Jen. we share a lot of similar dates. We lost our dear daughter on the day after Christmas and my due date was the day before Mother's Day. A double whammy of horrible anniversary dates.

Sending peaceful thoughts to all of you.....
February 15, 2010 | Unregistered Commenterscm
Valentine's Day has never been a big to-do for us, just an excuse for a nice meal and chocolates.

We agreed to a carpet picnic and movie. We had trouble finding a movie to agree on - my Dh likes to say he's not much of a 'rom-com' kinda guy, so when he got excited by Three Men and a Little Lady (of all things), we watched that.
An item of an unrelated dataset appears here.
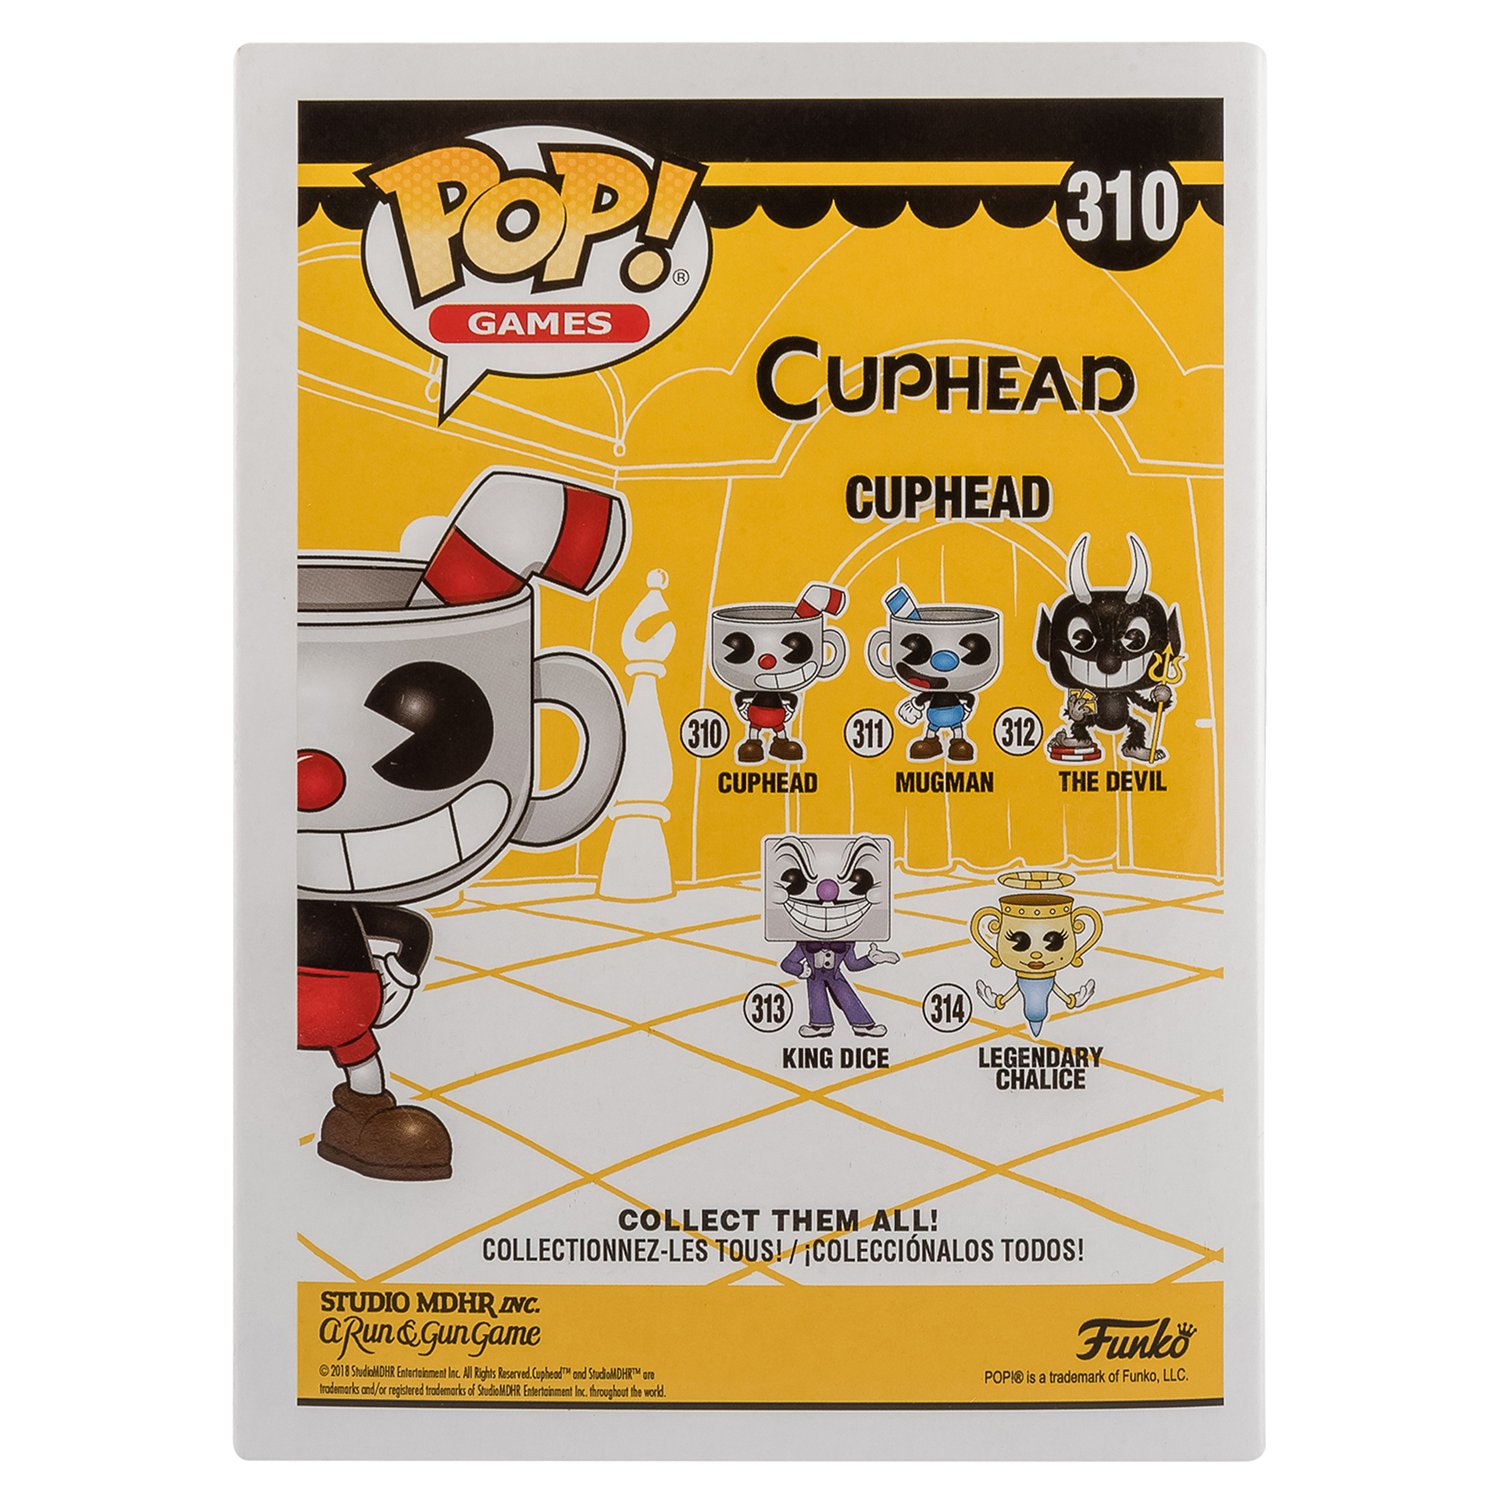 Фигурка Funko Pop vinyl Games Cuphead Cuphead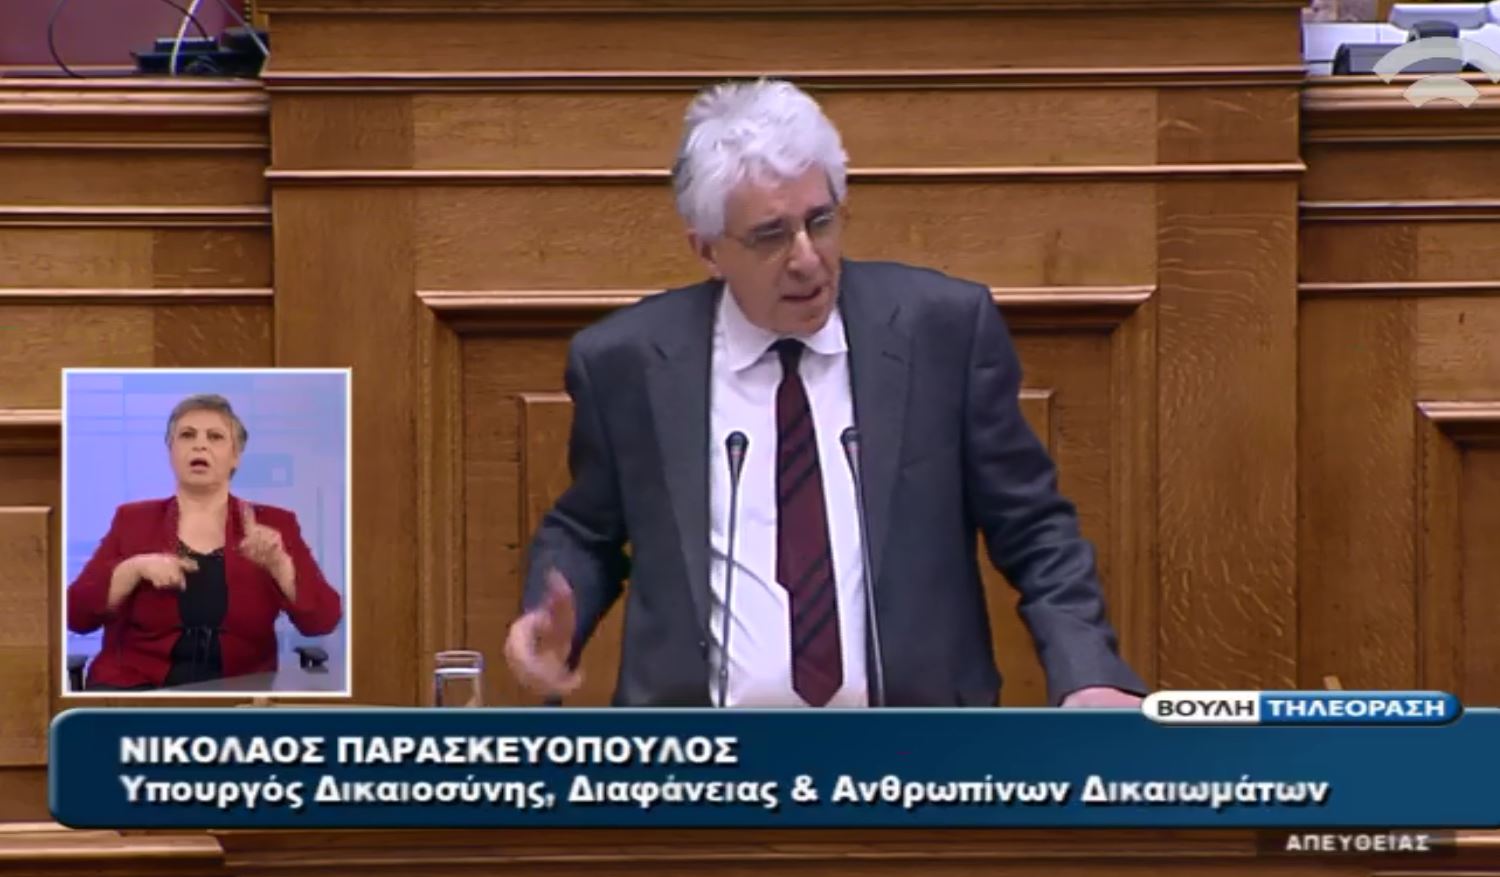 Παρασκευόπουλος: Δεν υπάρχουν φωτογραφικές διατάξεις – BINTEO

No big deal. I think it helps that there was no build-up or link to anything, really. Not tied to anything, and no cycle pressure since I finally ovulated (we enjoyed NOT having sex for a change - we even high-fived that one).

But I either ate something that didn't agree with me or Zoloft is not going to be my friend, because I woke up with intestinal issues and on the point of vomitting. I stayed home from work and felt ok after some more sleep, until I ate something. Yuck.
February 15, 2010 | Unregistered Commentereliza
We've never done Valentine's Day so it wasn't bad for me. Our first wedding annivesary and my birthday are coming up on the 20th and 23rd though and I'm not so much looking forward to them. When I was pregnant we joked about how we wouldn't be doing anything for our anniversary because we thought we'd have a 2 month old baby. Now here we are free to do whatever we want and I don't really feel like doing anything.

Then DH asked what I wanted for my birthday and all I could think was 'I want my baby back'.

Hugs to everyone.
February 15, 2010 | Unregistered CommenterMaddie
Maddie, I'm sorry rough dates are ahead for you. DH asked what I wanted for my birthday recently (which was odd, given that our birthdays are a month apart and we rarely exchange gifts, generally settling for an especially nice dinner out halfways between them. Maybe because it's my 30th?). All I could think was 'a viable pregnancy, please God.' which I could say to him, but which he incapable of providing me, so I said vaguely I'd not thought about it yet and would soon.
February 15, 2010 | Unregistered Commentereliza
I didn't say what I thought out loud to DH either - it would have just made him sad and if it were within his powers we'd already have her back.